- **ASSIGNED TASK**: What the task requires is an exact printout of the listing below, pictures excluded.

- **SOURCE MATERIAL**:
——————————
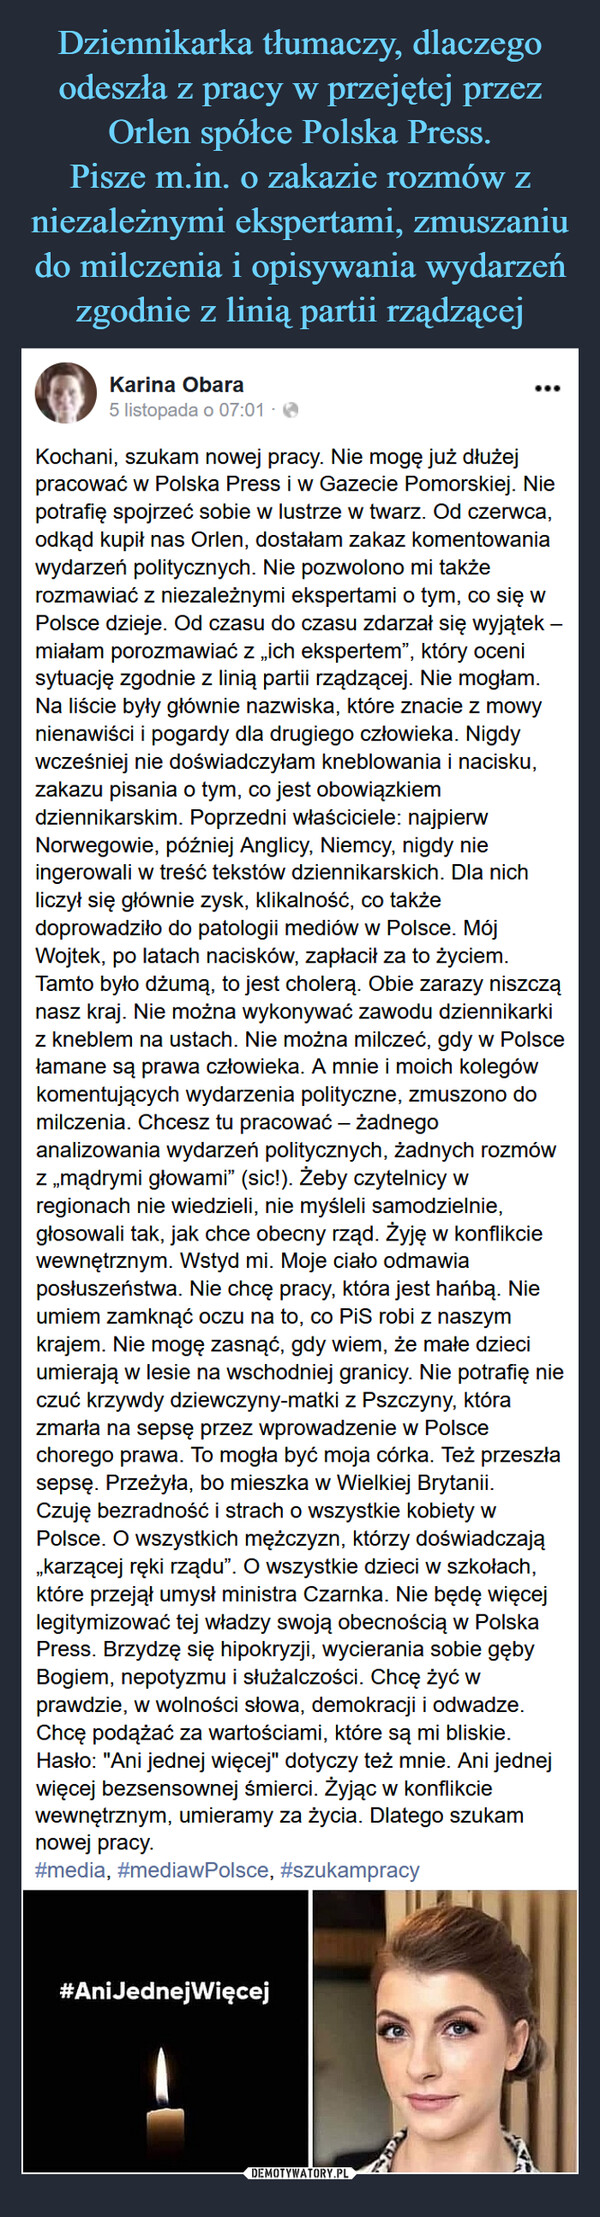 Dziennikarka tłumaczy, dlaczego odeszła z pracy w przejętej przez Orlen spółce Polska Press.
Pisze m.in. o zakazie rozmów z niezależnymi ekspertami, zmuszaniu do milczenia i opisywania wydarzeń zgodnie z linią partii rządzącej
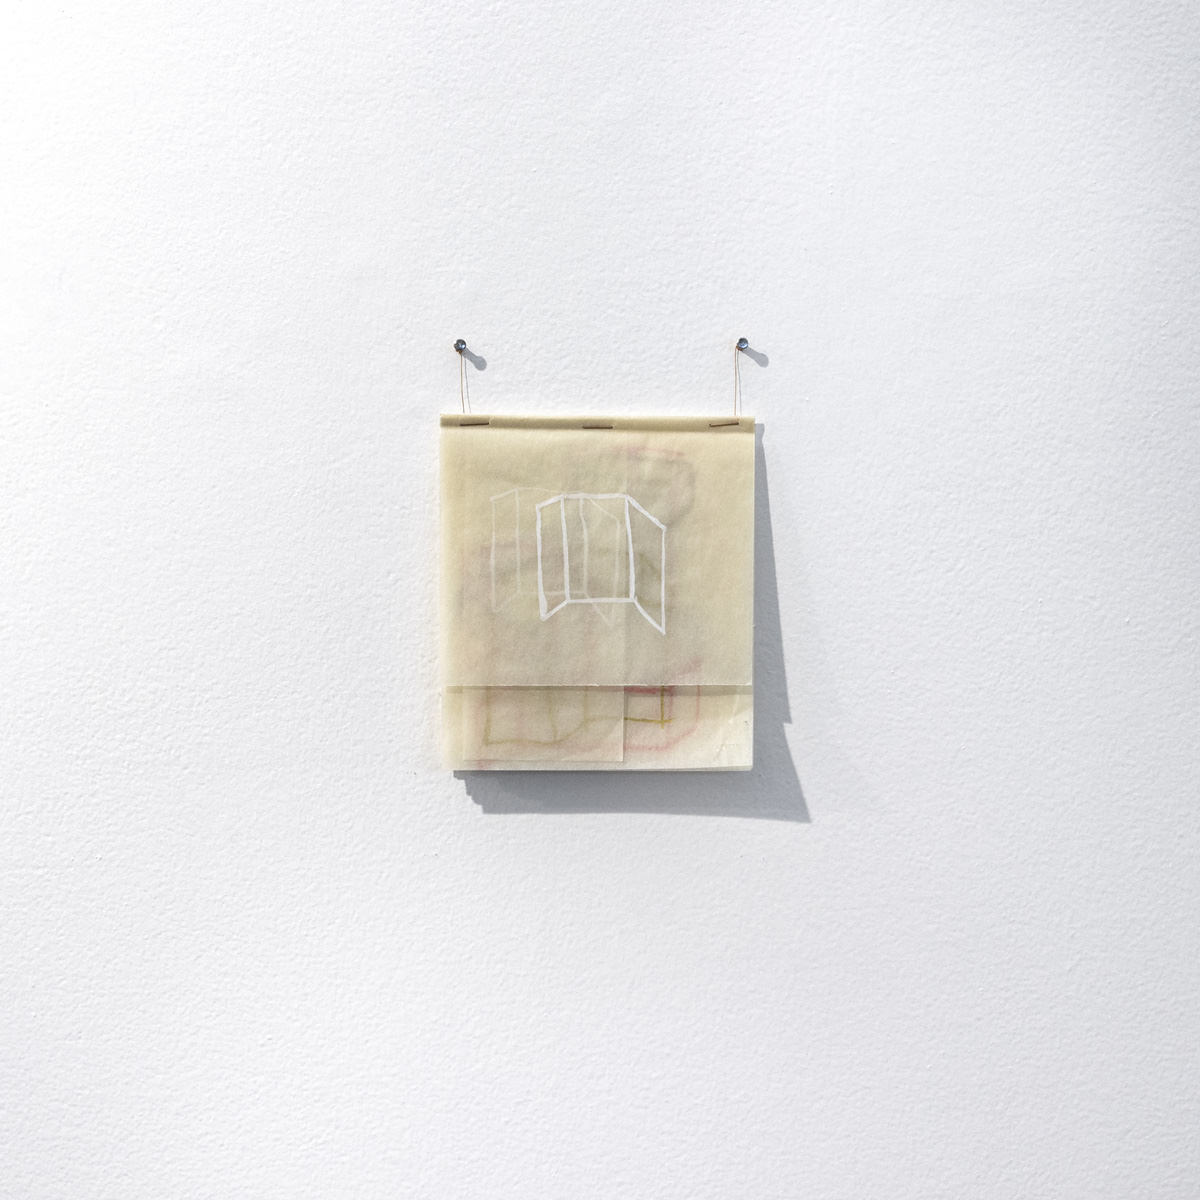 Flávia Ribeiro, Zeichnen, 2019 - Gouache und Bronzepulver auf einem doppelten Blatt Skizzenpapier - 28,7 x 21 cm. Fotos: Bekanntgabe.
——————————
- **ANSWER BOX**:
 Dziennikarka tłumaczy, dlaczego odeszła z pracy w przejętej przez Orlen spółce Polska Press.
Pisze m.in. o zakazie rozmów z niezależnymi ekspertami, zmuszaniu do milczenia i opisywania wydarzeń zgodnie z linią partii rządzącej
 Flávia Ribeiro, Zeichnen, 2019 - Gouache und Bronzepulver auf einem doppelten Blatt Skizzenpapier - 28,7 x 21 cm. Fotos: Bekanntgabe.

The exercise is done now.